Root Causes and Some Potential Solutions

There is consensus that the roots of health disparities are historical and structural. Social determinants at that level can only be addressed at the level of community mobilization and political activity that leads to policy changes. At the individual level, clinicians may have opportunities to improve access to care and advanced treatments through the patient-provider relationship and advocacy, which can then become a positive intermediary social determinant—a source of psychosocial support, health education, and patient empowerment. It is important for clinicians to understand that SDH can account for as much as 80% of variation in health,28 making it essential to understand where the patient stands socially and how social conditions can shape a patient’s course of disease and outcomes, over and beyond biologic factors and medical intervention. It may require “going the extra mile” but can be especially beneficial to discuss or, when time is limited, have other team members discuss with patients what social or psychosocial resources they may need and how these can be accessed.

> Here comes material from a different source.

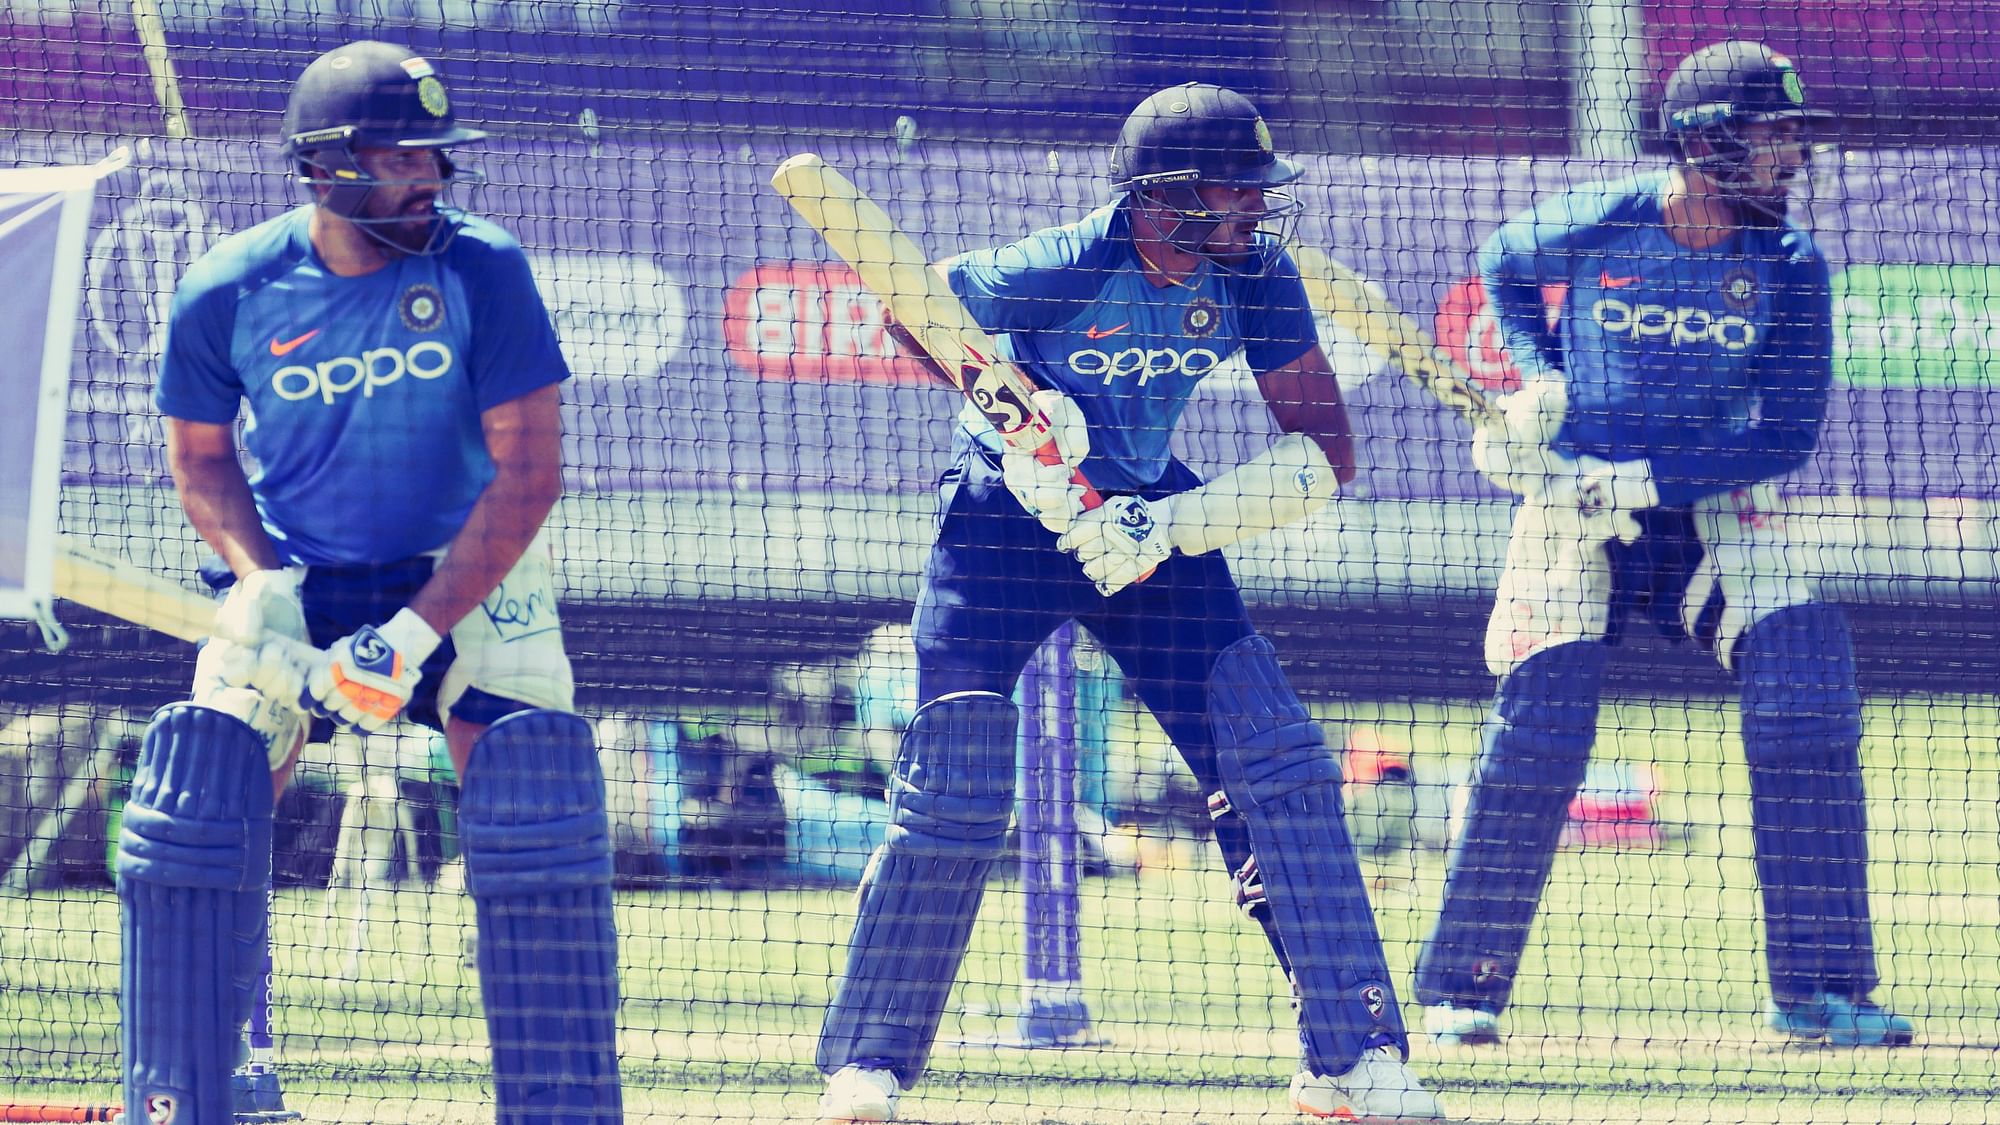 India’s Rohit Sharma, left, Vijay Shankar, center, and Lokesh Rahul bat in the nets during a training session at The Oval in London, Thursday, May 23, 2019. The Cricket World Cup starts on Thursday 30 May 30.

To improve the patient-provider relationship in their practice, clinicians need to be self-reflective, considering their own social determinants and implicit biases that these may have instilled.29 With that self-awareness, a clinician might, for example, be faster to offer advanced treatments to patients from minoritized groups than they would have before—letting go of assumptions that certain patients might not even be willing or able to consider those. We all have to do this because we all live with our own specific social identities every day, which affects how we see ourselves and other individuals. Medical education has been improving in this regard, with courses on physician’s place in society, patient-provider communication, community and population health, and more. There is also a greater emphasis on empathy and self-reflection than in the past.

Thinking specifically about social determinants of health in epilepsy, medical education and team-based care are also important potential solutions that warrant further study. Because there are not enough neurologists or epilepsy specialists in most areas to meet the needs of people with epilepsy, waits to see an epilepsy specialist can be long. We have to invest in training more neurologists and epilepsy specialists to address the demand for epilepsy care. Recruiting medical students into this specialty as well as creating more residency and fellowship programs are some potential approaches. Continuing professional education is also needed to target community providers to identify treatment-resistant epilepsies early and refer these patients promptly to specialized epilepsy care (eg, tertiary care epilepsy centers), where advanced diagnostic tools and state-of-the-art treatments (eg, surgery) allow to more quickly improve patient outcomes and move them toward seizure freedom. That also requires letting go of any assumptions about hierarchies in medicine and economic considerations to be truly collaborative for the good of the patient.

Conclusions and Future Directions

The effects of SDH in epilepsy are only just starting to be researched. More research on access to care is needed, and there is no data yet on how SDH affect diagnostic accuracy or time from first seizure to diagnosis. There is qualitative data suggesting that SDH affect time to receiving advanced treatments in the case of refractory epilepsy, but quantitative data is needed so that potential interventions, such as community provider education programs, can be developed and implemented.

Physicians can also address SDH and health disparities by participating in advocacy work with the American Neurological Association or American Epilepsy Society as well with organizations in their own communities, such as the Epilepsy Foundation and its regional chapters. At the individual level, clinicians can be self-reflective, especially in terms of their implicit biases, and empathetic to ensure they are able to develop and sustain trusting and effective patient-provider relations.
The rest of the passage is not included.